- Information supplied:
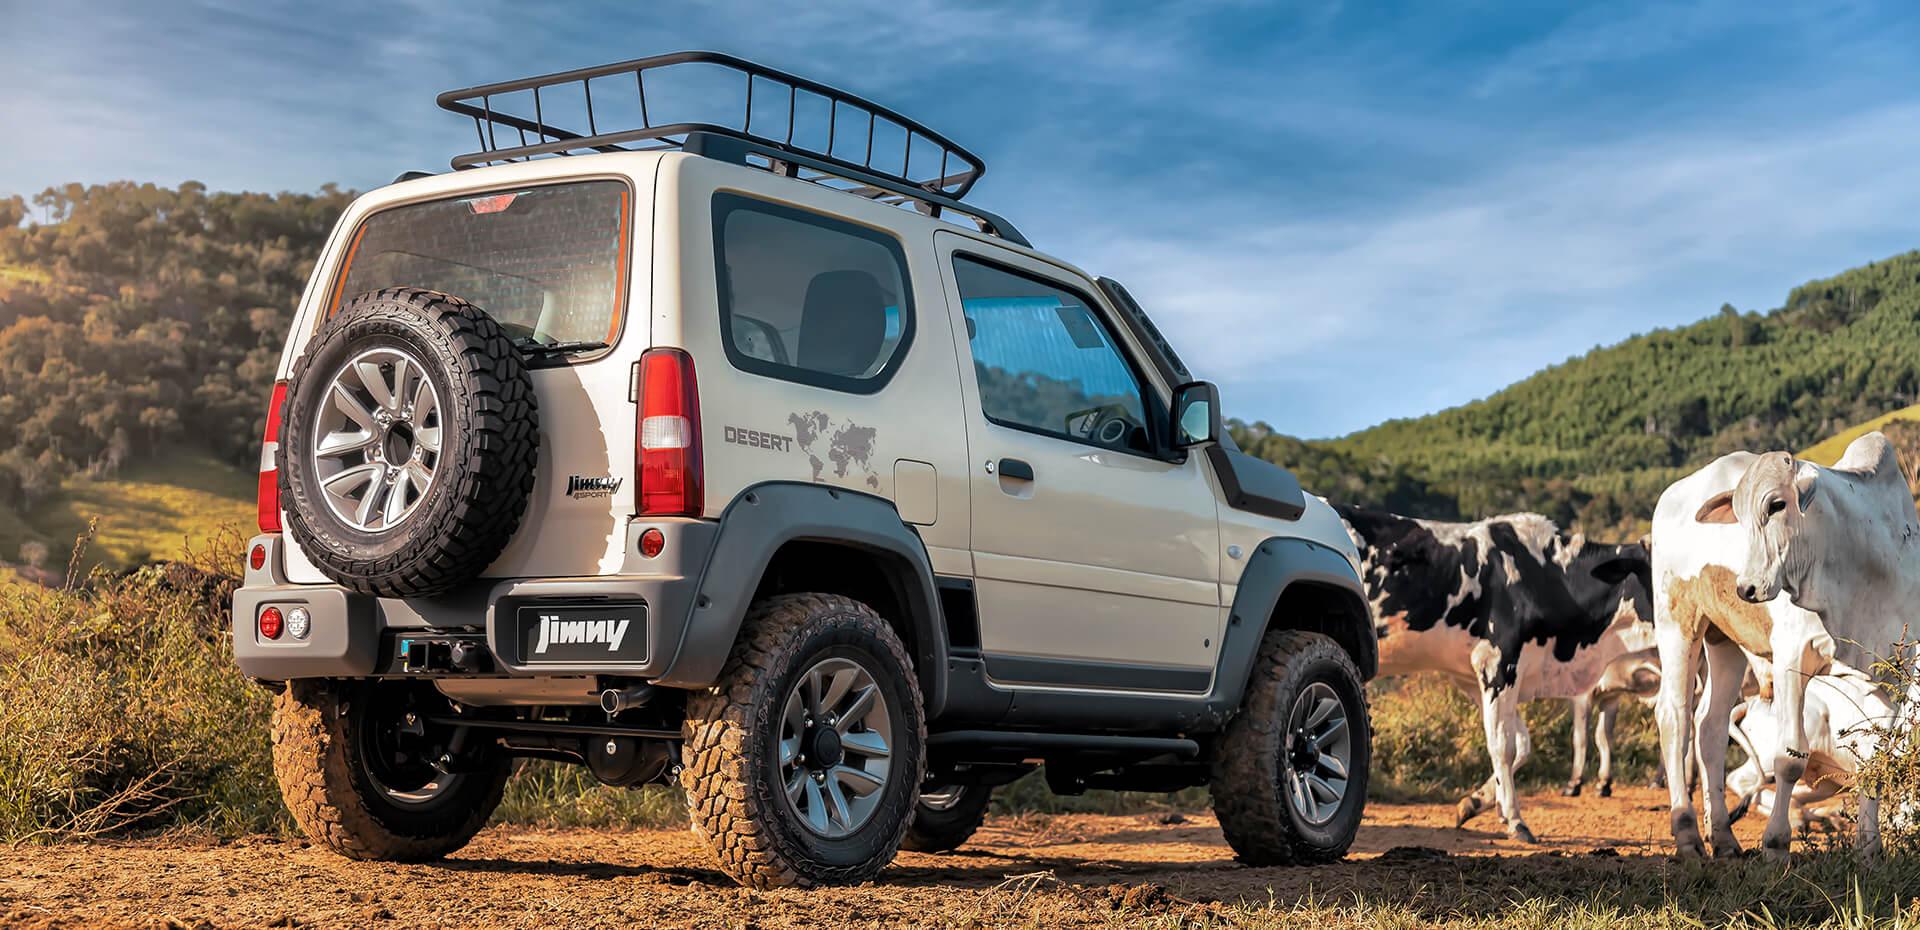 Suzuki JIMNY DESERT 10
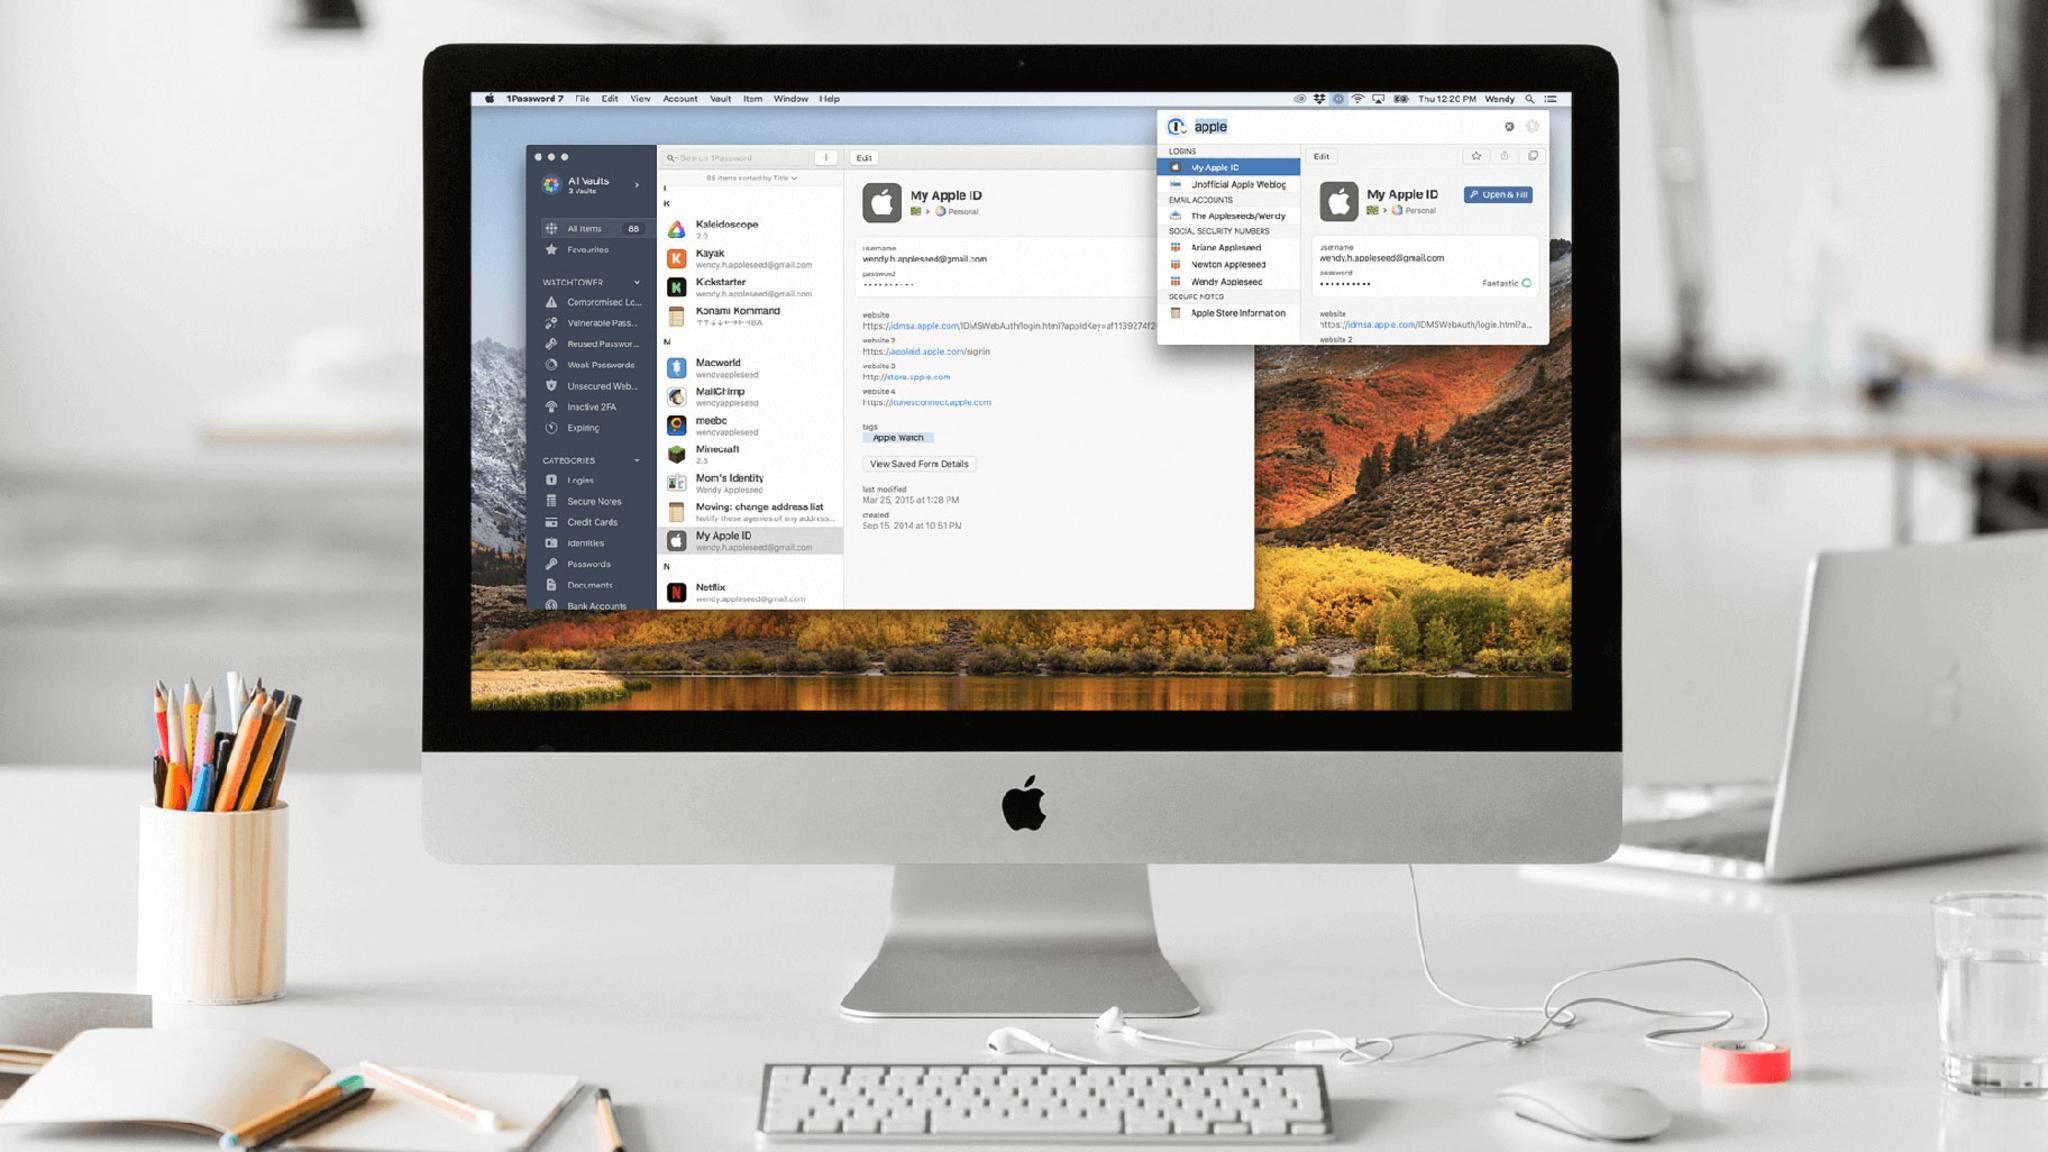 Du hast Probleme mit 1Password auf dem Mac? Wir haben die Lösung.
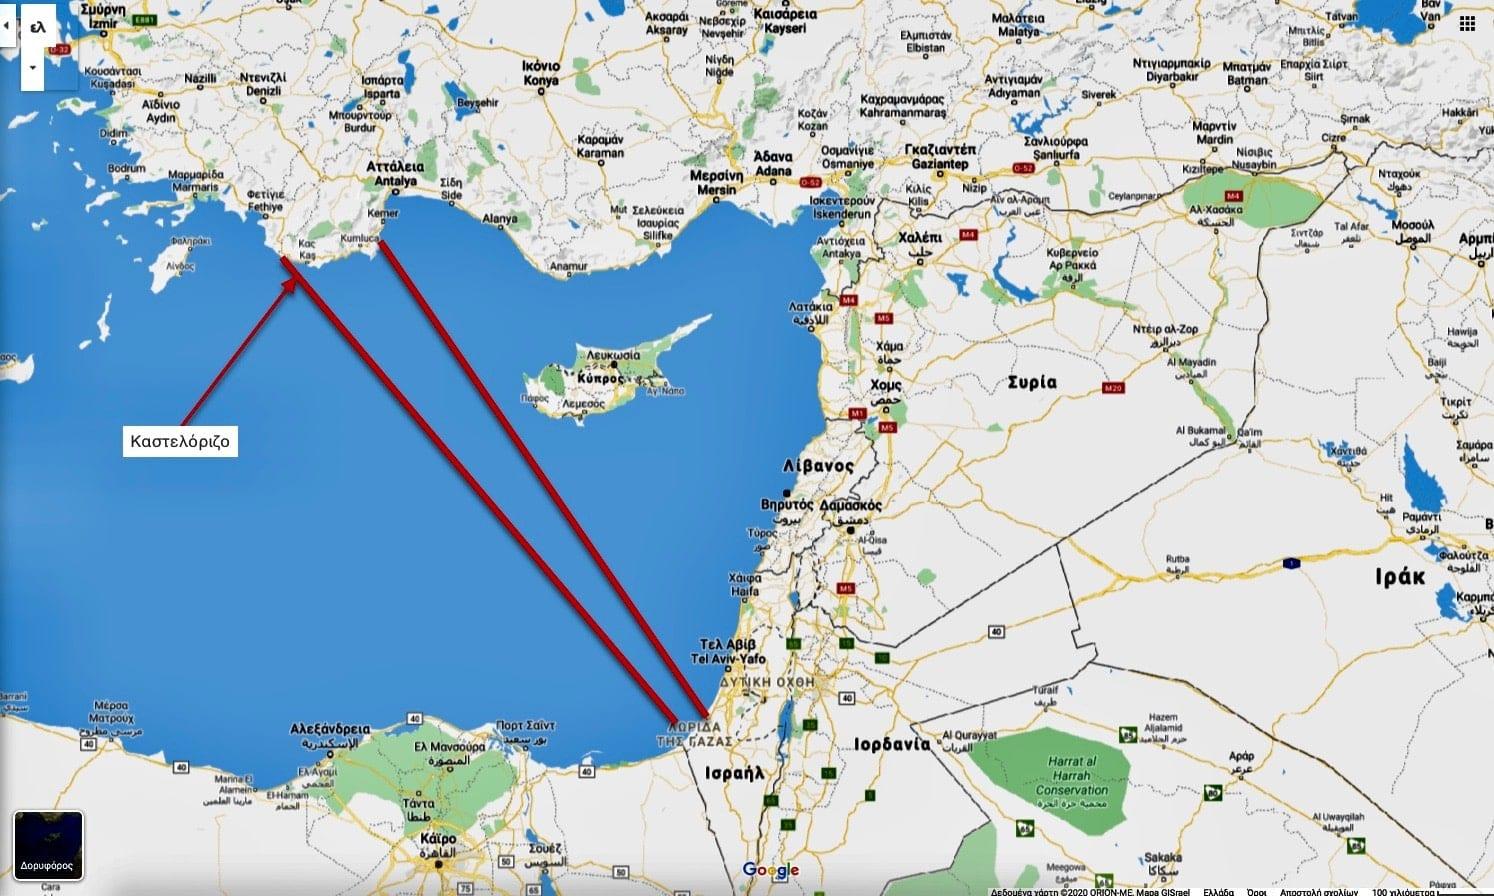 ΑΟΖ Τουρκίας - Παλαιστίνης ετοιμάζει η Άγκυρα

- Work task: Whenever a line holds a picture, print that line without the picture. All other data must be output exactly.

- Solution for this task:
 Suzuki JIMNY DESERT 10
 Du hast Probleme mit 1Password auf dem Mac? Wir haben die Lösung.
 ΑΟΖ Τουρκίας - Παλαιστίνης ετοιμάζει η Άγκυρα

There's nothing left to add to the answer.